Study on the collapse process of double cavitation bubble based on coarse-grained force field

Cavitation bubbles predominantly exist in clustered formations in nature, where complex inter-bubble interactions involving coupling and interference mechanisms govern their dynamic evolution. While significant progress has been made in understanding single cavitation bubble, research on multi-bubble interactions remains notably underexplored. To understand the characteristics of multi-cavitation bubble collapse and inter-bubble interaction, the paper studies the microscopic characteristics in the free domain based on the coarse-grained force field. It considers factors such as bubble radius, bubble distance, and whether the bubbles contain gas or not to reveal the morphology, local density distribution, and velocity distribution change of double bubbles. Results show that as the bubble radius increases, the local density changes are more prominent, and the collapse time and the depression depth increase.
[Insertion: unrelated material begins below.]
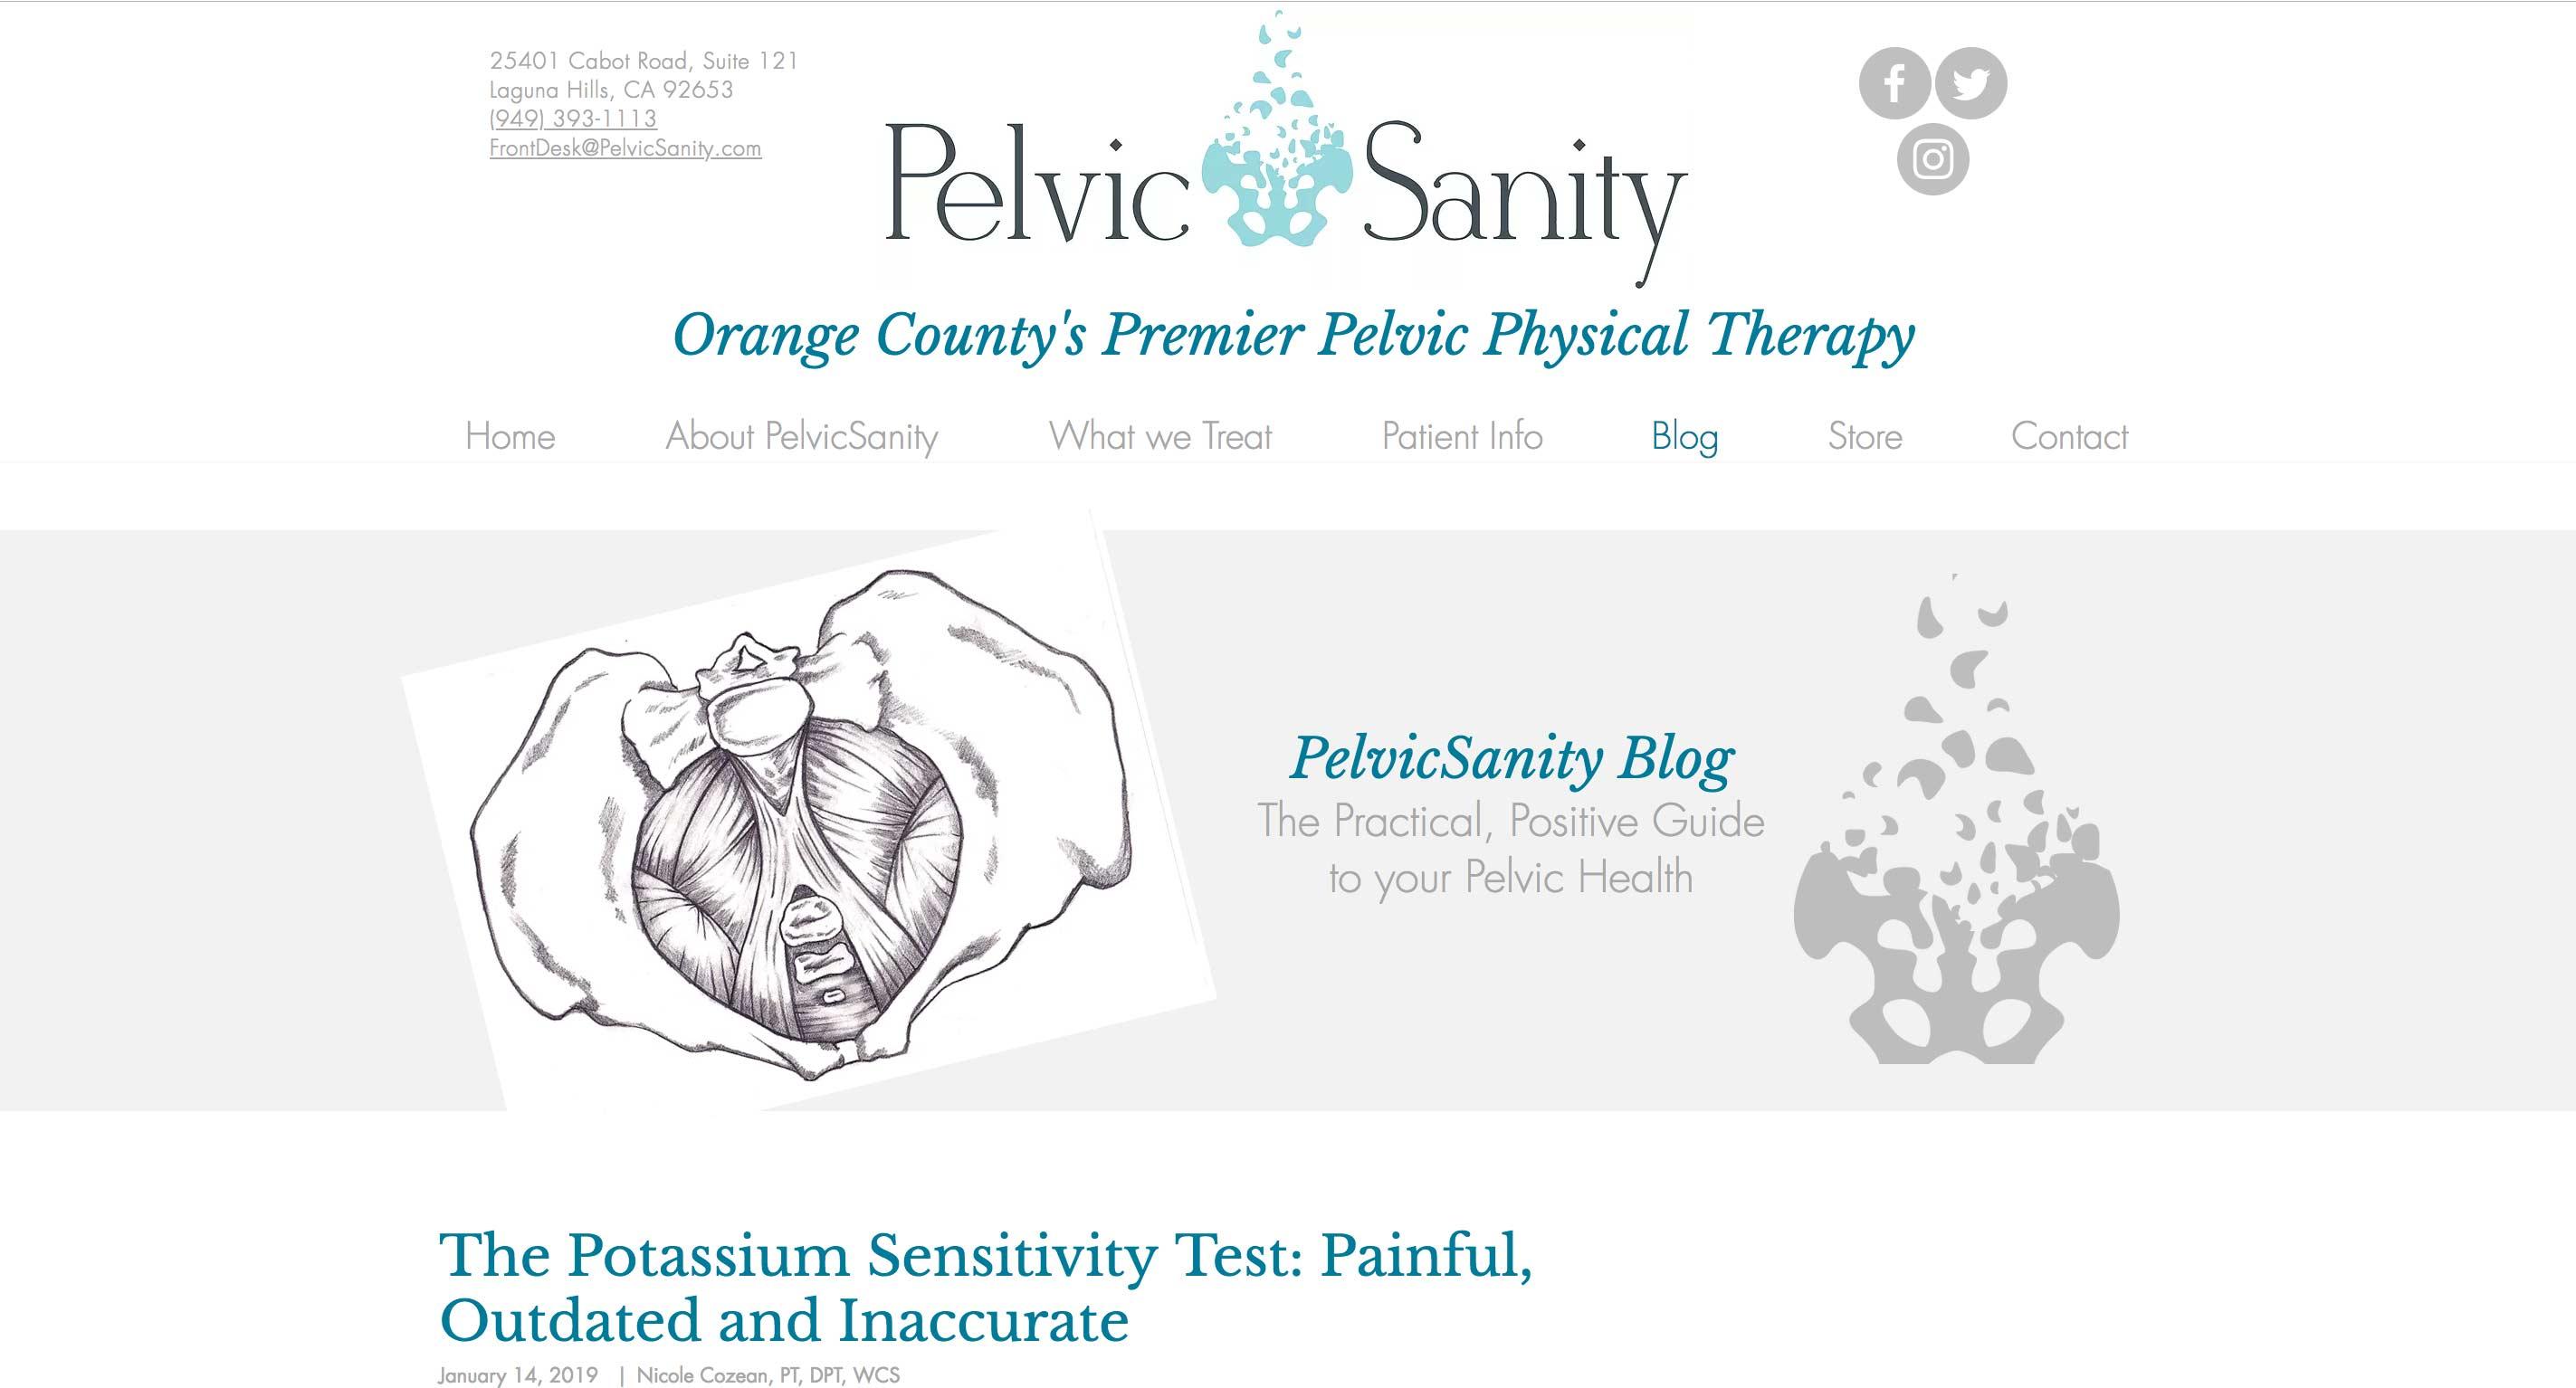 Pelvic Sanity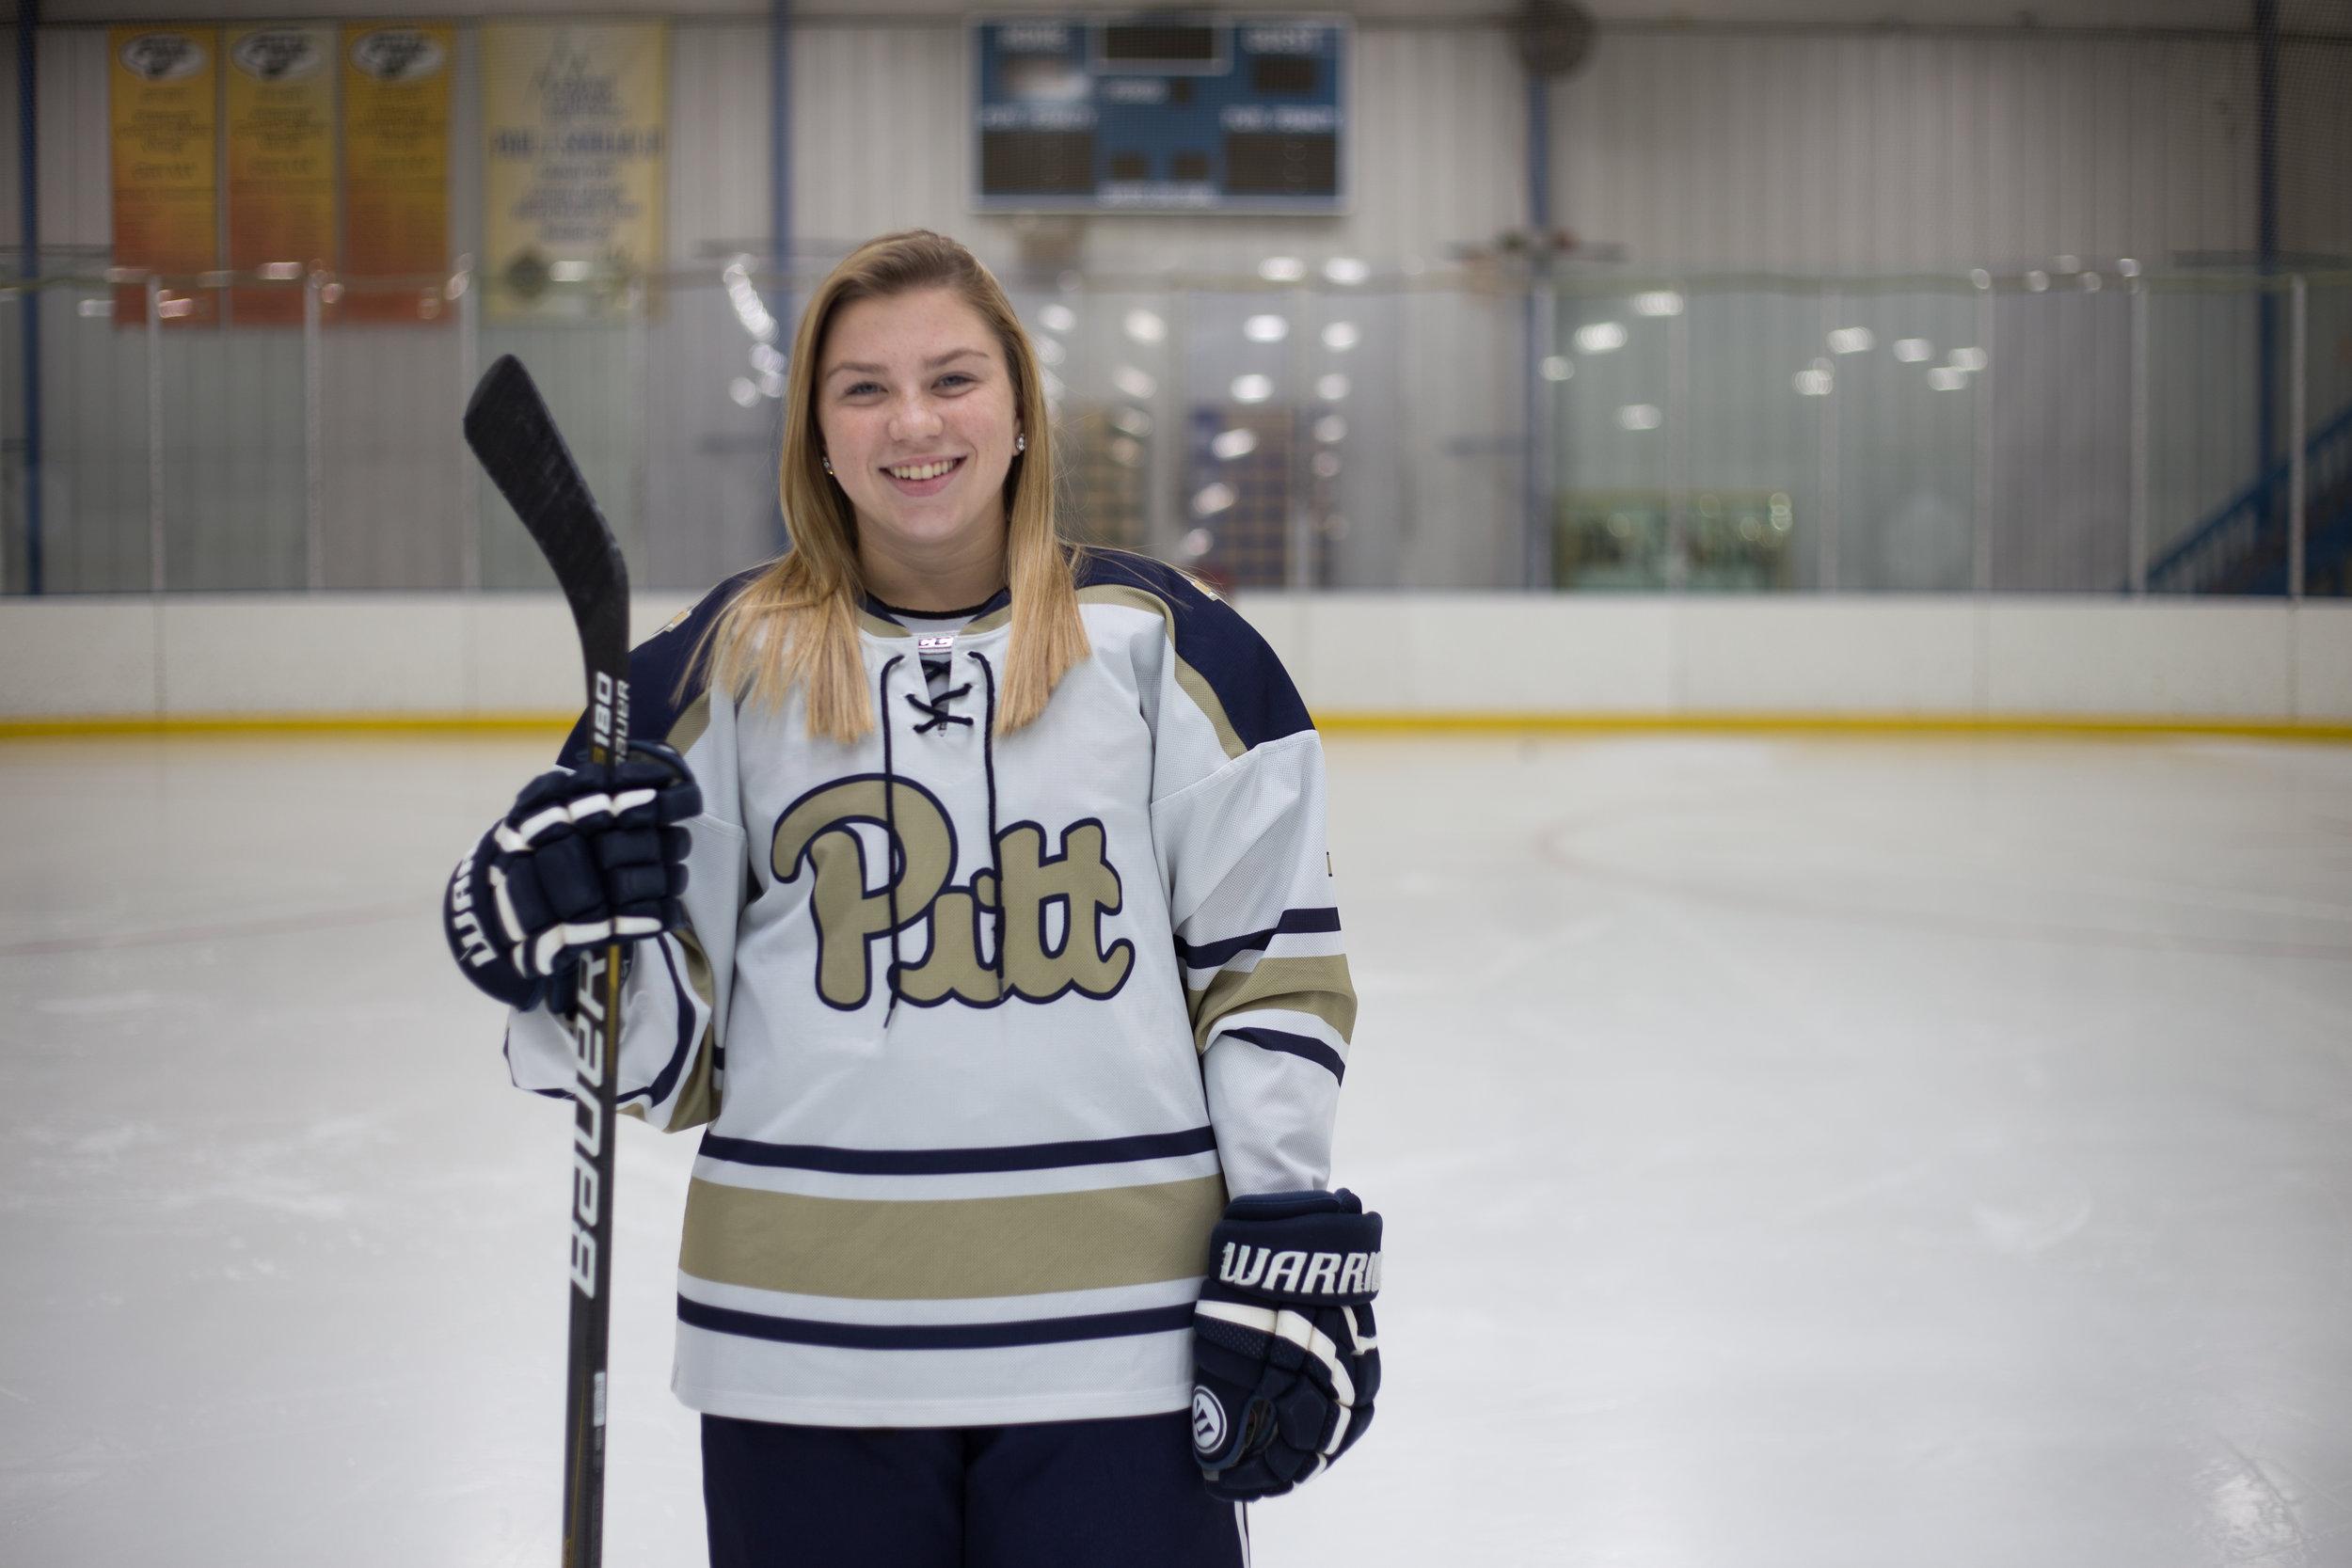 hockeyPortraits-17.JPG

The jet is more likely to face the side of double bubbles facing each other during formation, and the jet deflection angle also gradually increases. As the bubble distance increases, the jet deflection angle decreases. The larger the initial radius of the gas-containing double bubble, the more dispersed the nitrogen is, and eventually small water-insoluble bubbles such as mushroom, umbrella, and curved moon are formed. What’s more, gas-containing double bubbles collapse at a slower rate than non-gas-containing double cavitation bubbles, and the gas attenuates the collapse effect.